■ **WORK INSTRUCTIONS**:
Please repeat each line from the one holding "Hong Kong Tours and Trips to Hong Kong" through the final line of the data, exactly as it stands, with no pictures.

■ **DATA SEGMENT**:
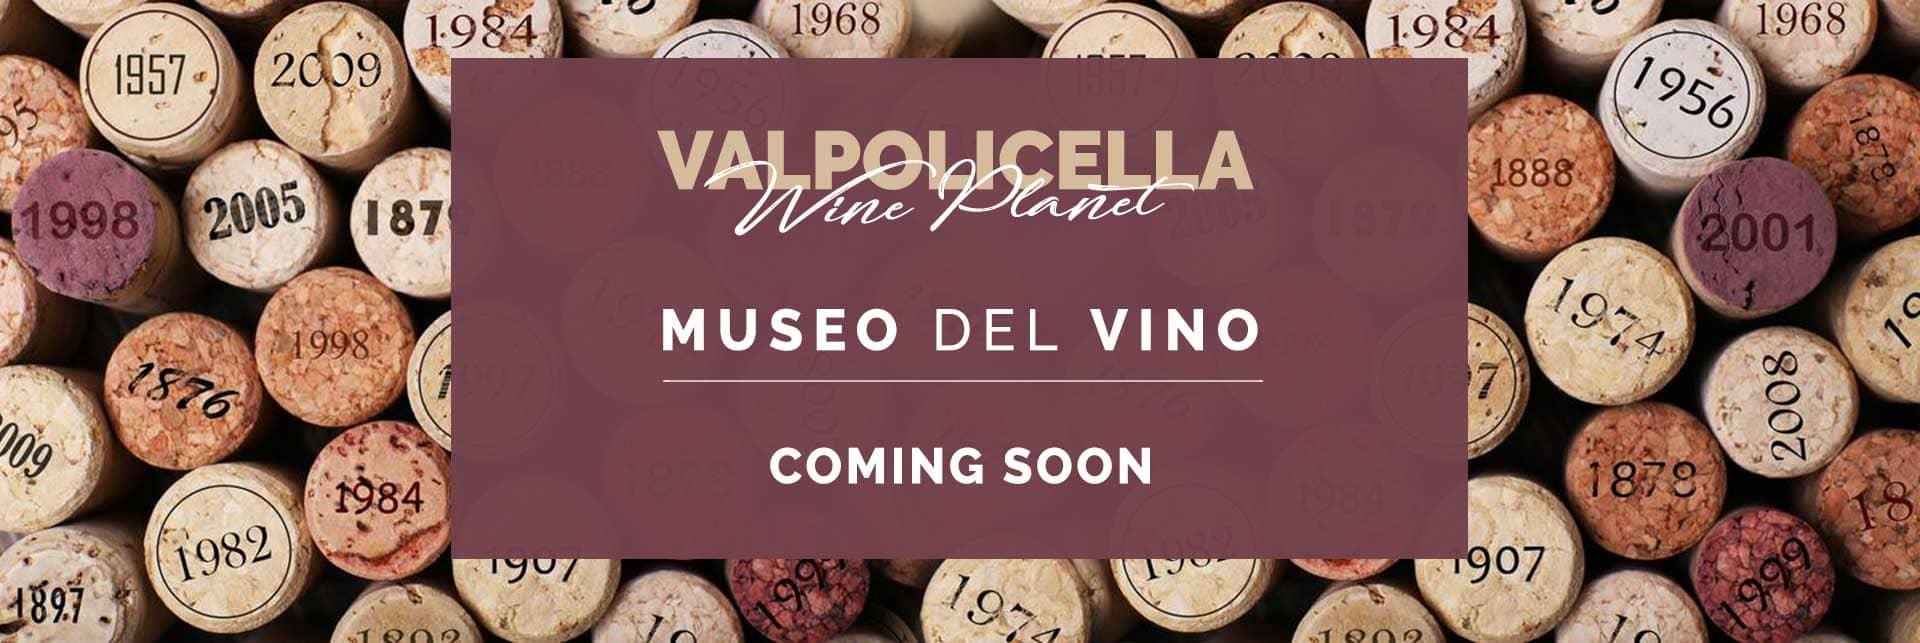 museo del vino consorzio valpolicella
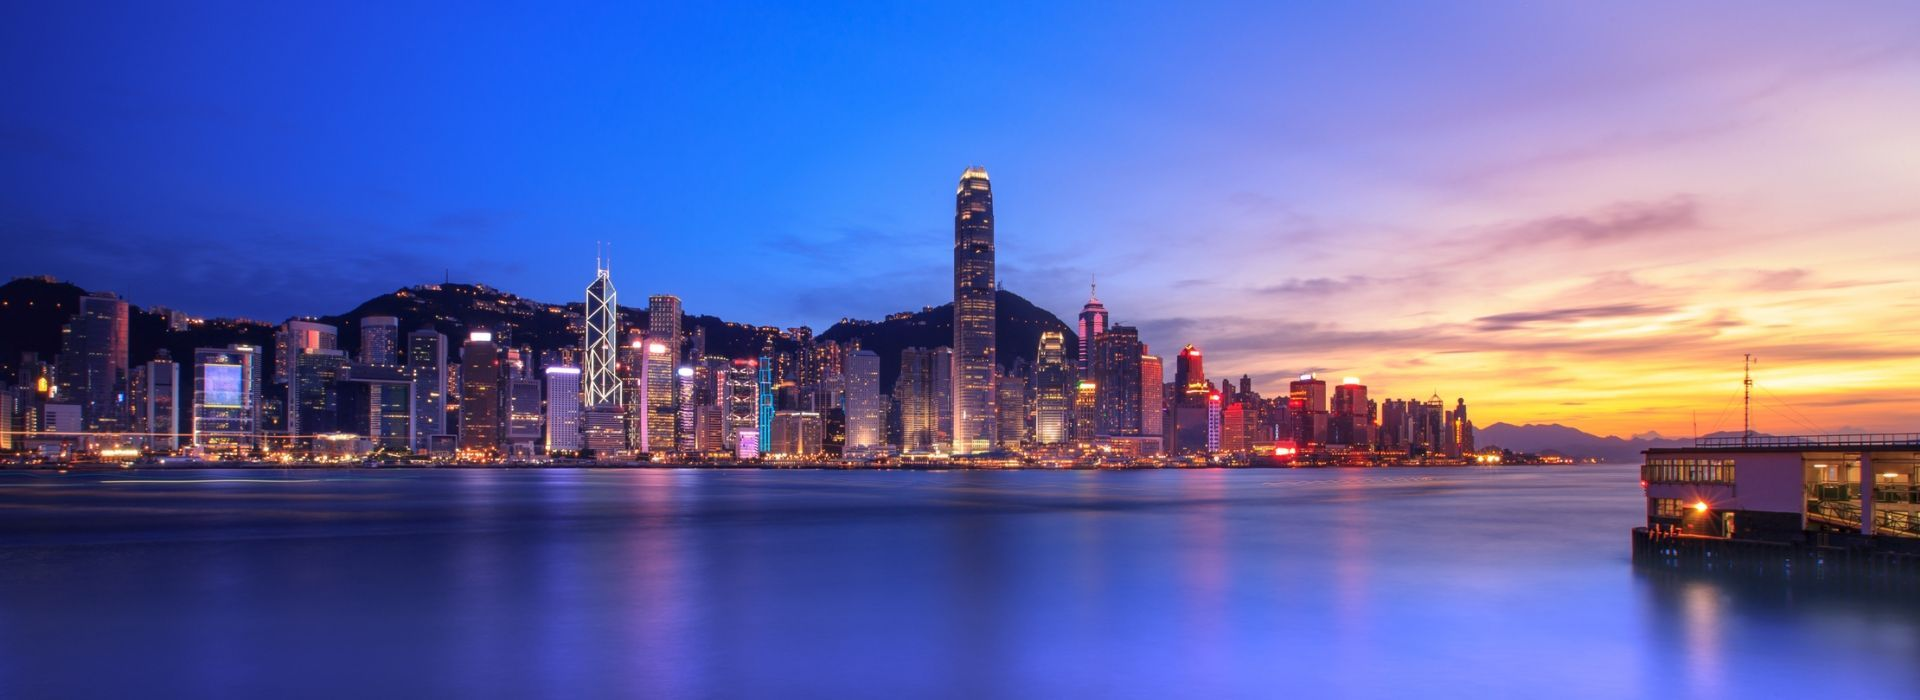 Hong Kong Tours and Trips to Hong Kong
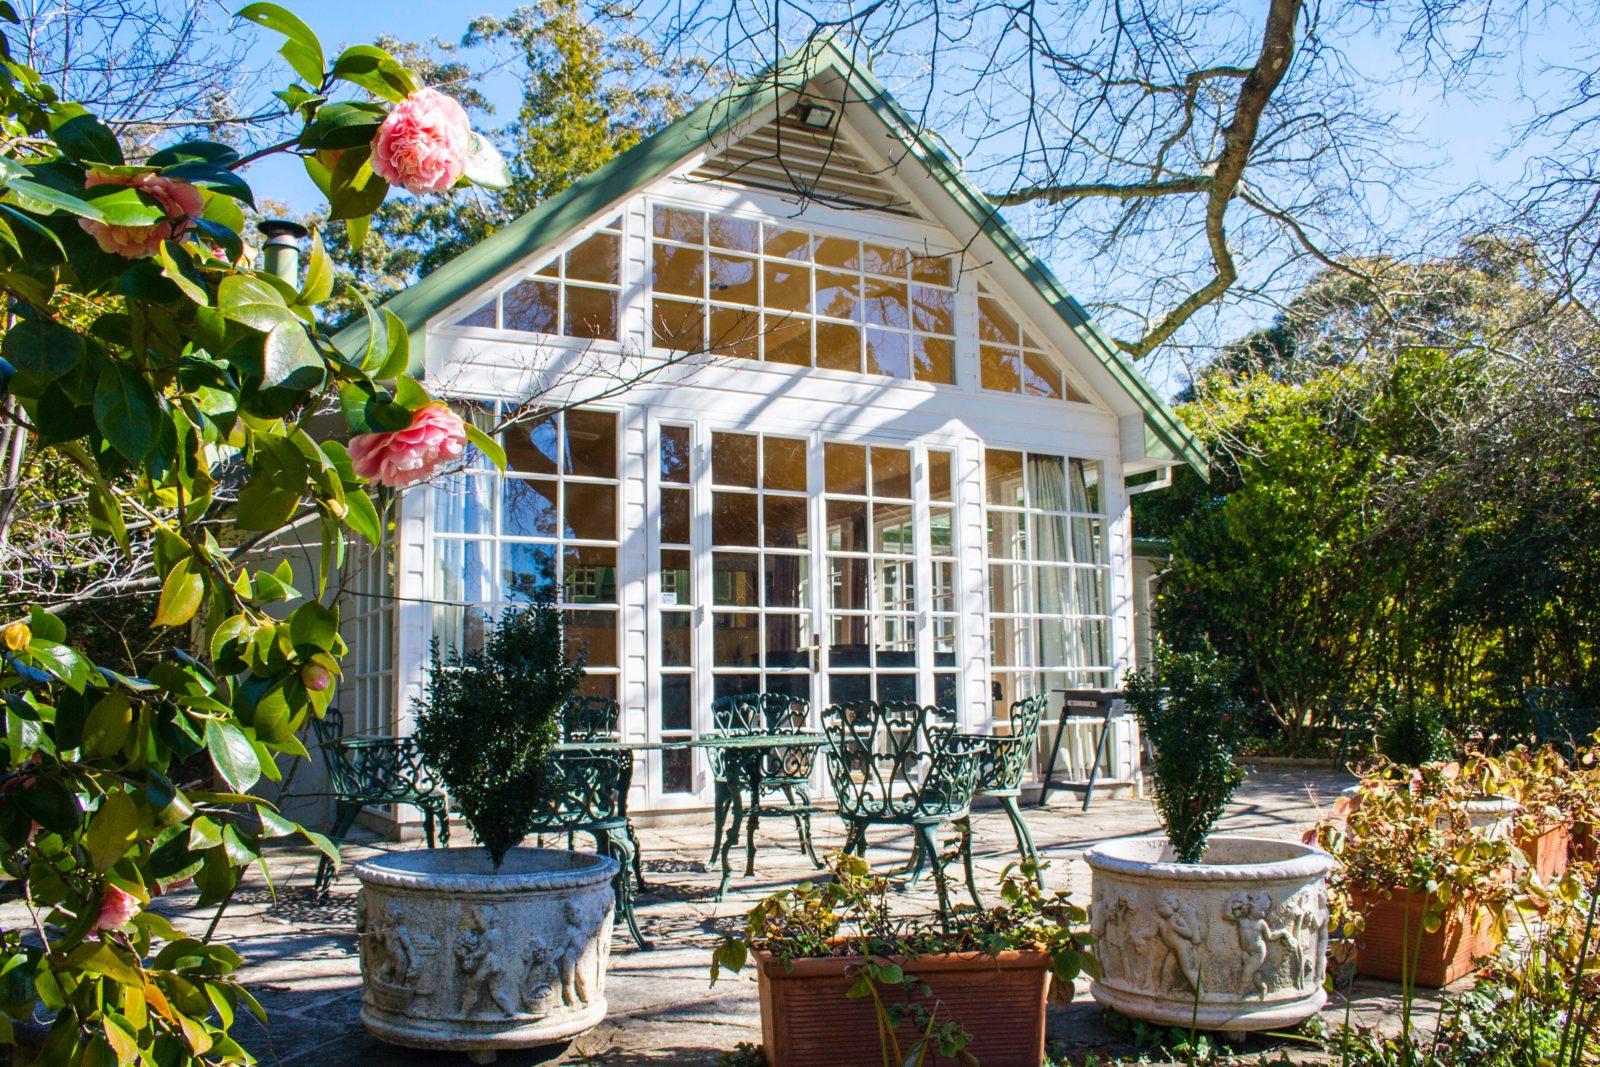 Bronte Cottage patio

■ **ANSWER SPACE**:
 Hong Kong Tours and Trips to Hong Kong
 Bronte Cottage patio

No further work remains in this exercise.